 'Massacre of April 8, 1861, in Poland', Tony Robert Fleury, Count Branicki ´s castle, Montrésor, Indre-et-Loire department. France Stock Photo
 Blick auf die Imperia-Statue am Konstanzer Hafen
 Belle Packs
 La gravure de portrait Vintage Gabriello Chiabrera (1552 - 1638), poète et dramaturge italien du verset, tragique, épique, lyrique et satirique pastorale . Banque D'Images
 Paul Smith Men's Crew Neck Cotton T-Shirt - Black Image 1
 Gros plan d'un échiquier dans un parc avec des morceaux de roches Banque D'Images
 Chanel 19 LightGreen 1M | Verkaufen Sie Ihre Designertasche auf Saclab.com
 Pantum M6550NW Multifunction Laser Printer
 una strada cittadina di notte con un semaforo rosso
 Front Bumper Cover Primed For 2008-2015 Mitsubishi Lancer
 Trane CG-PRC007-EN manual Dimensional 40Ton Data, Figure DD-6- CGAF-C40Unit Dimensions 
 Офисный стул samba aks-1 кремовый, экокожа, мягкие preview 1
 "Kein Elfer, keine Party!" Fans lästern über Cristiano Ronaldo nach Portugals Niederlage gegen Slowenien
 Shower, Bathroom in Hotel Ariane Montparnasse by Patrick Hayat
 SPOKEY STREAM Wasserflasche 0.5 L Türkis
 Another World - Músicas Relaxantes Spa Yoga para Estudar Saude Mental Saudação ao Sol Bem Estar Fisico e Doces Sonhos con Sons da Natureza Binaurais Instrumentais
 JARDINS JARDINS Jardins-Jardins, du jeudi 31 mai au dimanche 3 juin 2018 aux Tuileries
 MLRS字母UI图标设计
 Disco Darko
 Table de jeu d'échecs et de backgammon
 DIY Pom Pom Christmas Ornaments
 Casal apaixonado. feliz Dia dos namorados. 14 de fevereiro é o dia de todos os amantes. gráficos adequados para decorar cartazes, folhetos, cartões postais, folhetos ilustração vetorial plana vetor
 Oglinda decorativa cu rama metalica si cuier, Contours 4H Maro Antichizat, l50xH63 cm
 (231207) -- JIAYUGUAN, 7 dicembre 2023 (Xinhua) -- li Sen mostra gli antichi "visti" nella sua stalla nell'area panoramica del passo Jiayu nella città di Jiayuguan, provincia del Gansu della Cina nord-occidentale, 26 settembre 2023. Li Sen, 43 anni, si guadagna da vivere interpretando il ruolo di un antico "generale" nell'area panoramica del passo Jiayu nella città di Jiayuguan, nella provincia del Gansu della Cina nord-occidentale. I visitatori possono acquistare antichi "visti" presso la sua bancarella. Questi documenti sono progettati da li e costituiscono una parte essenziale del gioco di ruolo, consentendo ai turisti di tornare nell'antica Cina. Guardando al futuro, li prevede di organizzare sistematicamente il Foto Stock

## Problem to solve
Beginning with the line holding "Disco Darko" and ending with the line holding "Oglinda decorativa cu", write out the stretch of material above exactly; add no further lines.

## Written solution
 Disco Darko
 Table de jeu d'échecs et de backgammon
 DIY Pom Pom Christmas Ornaments
 Casal apaixonado. feliz Dia dos namorados. 14 de fevereiro é o dia de todos os amantes. gráficos adequados para decorar cartazes, folhetos, cartões postais, folhetos ilustração vetorial plana vetor
 Oglinda decorativa cu rama metalica si cuier, Contours 4H Maro Antichizat, l50xH63 cm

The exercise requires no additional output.